When the American Revolutionary War began, British officials, as well as the colonial Continental Congress, sought the allegiance (or at least the neutrality) of the influential Iroquois Confederacy. The Six Nations divided over what course to pursue. Most Mohawks, Cayugas, Onondagas, and Senecas chose to ally themselves with the British. But the Oneidas and Tuscaroras, thanks in part to the influence of Presbyterian missionary Samuel Kirkland, joined the American revolutionaries. For the Iroquois, the American Revolution became a civil war.

The Iroquois homeland lay on the frontier between the Province of Quebec and the provinces of New York and Pennsylvania. After a British army surrendered after the Battles of Saratoga in upstate New York in 1777, Loyalists and their Iroquois allies raided American Patriot settlements in the region, as well as the villages of American-allied Iroquois. Working out of Fort Niagara, men such as Loyalist commander Major John Butler, Sayenqueraghta, Mohawk military leader Joseph Brant, and Seneca chief Cornplanter led the British-Indian raids. Commander-in-chief General George Washington never allocated more than minimal Continental Army troops for the defense of the frontier, and he told the frontier settlements to use local militia for their defense.

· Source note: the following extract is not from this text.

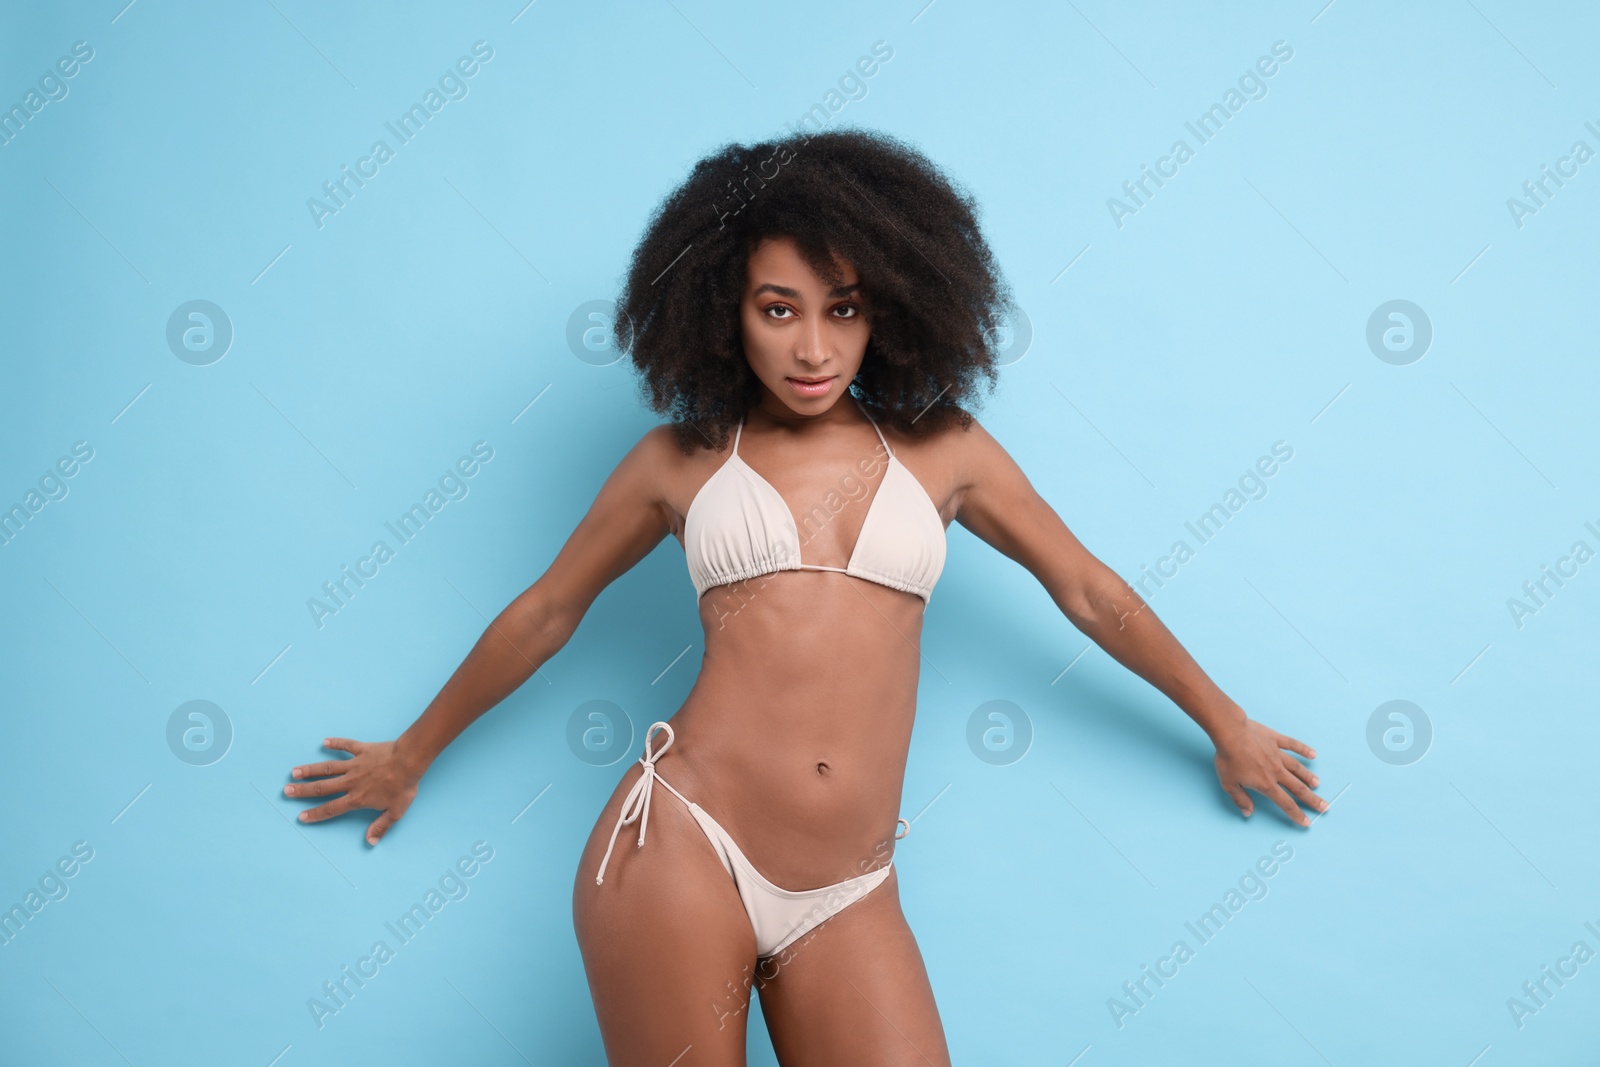 Photo of Beautiful woman in stylish bikini on light blue background

Letter from John Sullivan, 1779

On June 10, 1778, the Board of War of the Continental Congress concluded that a major Indian war was in the offing. Since a defensive war would prove inadequate, the board called for a major expedition of 3,000 men against Fort Detroit and a similar thrust into Seneca country to punish the Iroquois. Congress designated Major General Horatio Gates to lead the campaign and appropriated funds for the campaign.[14] Despite these plans, the expedition did not occur until the following year.

On July 3, 1778, Loyalist commander Major Butler led his Rangers accompanied by a force of Senecas and Cayugas (led by Sayenqueraghta) in an attack on Pennsylvania's Wyoming Valley (a rebel granary and settlement along the Susquehanna River near Wilkes-Barre). About 300 of the approximately 375 armed Patriot defenders were killed at the Battle of Wyoming, after which houses, barns, and mills were burned throughout the valley.[15][16]

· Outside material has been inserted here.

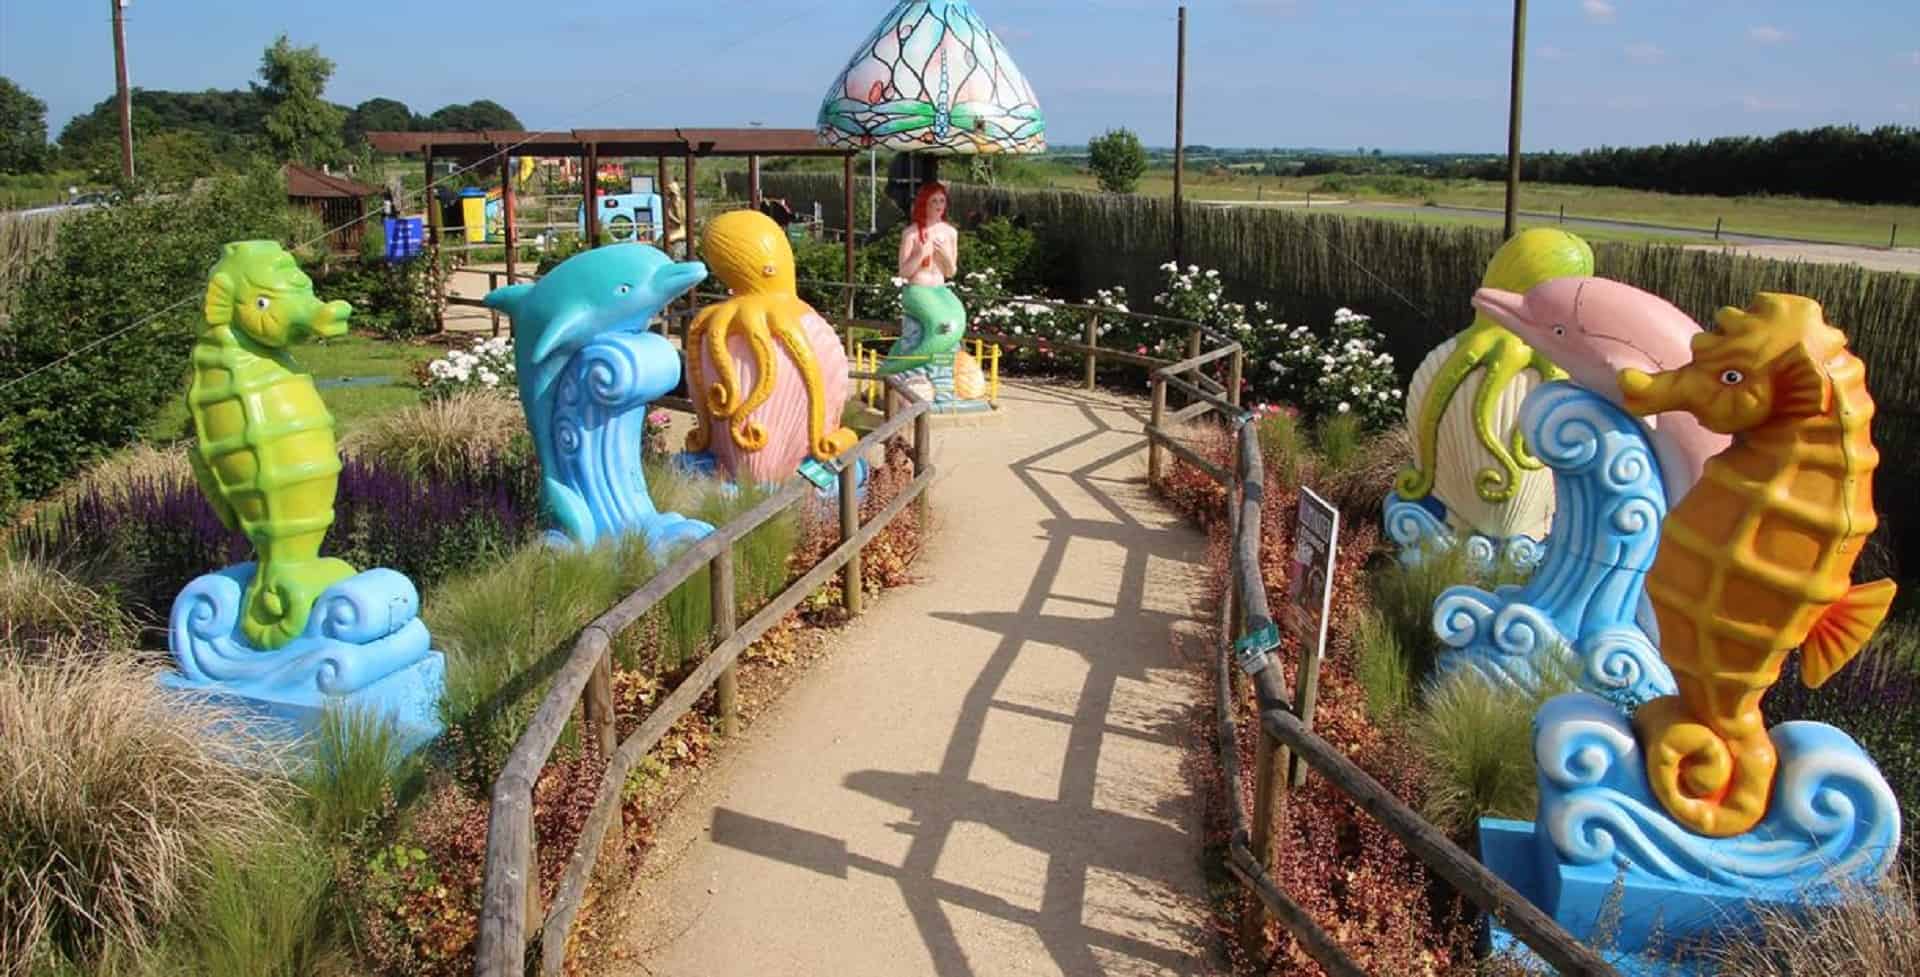 Fairytale Farm in UK

In September 1778, revenge for the Wyoming defeat was taken by American Colonel Thomas Hartley who, with 200 soldiers, burned nine to twelve Seneca, Delaware, and Mingo villages along the Susquehanna River in northeastern Pennsylvania, including Tioga and Chemung. At the same time, Joseph Brant led an attack on German Flatts in the Mohawk Valley, destroying all the houses and fields in the area. Further American retaliation was soon taken by Continental Army units under William Butler (no relation to John Butler) and John Cantine, burning the substantial Indian villages at Unadilla and Onaquaga on the Susquehanna River.

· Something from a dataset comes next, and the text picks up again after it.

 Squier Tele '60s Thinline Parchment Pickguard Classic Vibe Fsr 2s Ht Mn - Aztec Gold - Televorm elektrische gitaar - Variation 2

On November 11, 1778, Loyalist Captain Walter Butler (the son of John Butler) led two companies of Butler's Rangers along with about 320 Iroquois led by Cornplanter, including 30 Mohawks led by Joseph Brant, on an assault at Cherry Valley in New York. While the fort was surrounded, Indians began to massacre civilians in the village, killing and scalping 16 soldiers and 32 civilians, mostly women and children, and taking 80 captives, half of whom were never returned. The town was plundered and destroyed. Over a year, Butler's Rangers and their Iroquois allies had reduced much of upstate New York and northeastern Pennsylvania to ruins, causing thousands of farmers to flee and depriving the Continental Army of food.[17]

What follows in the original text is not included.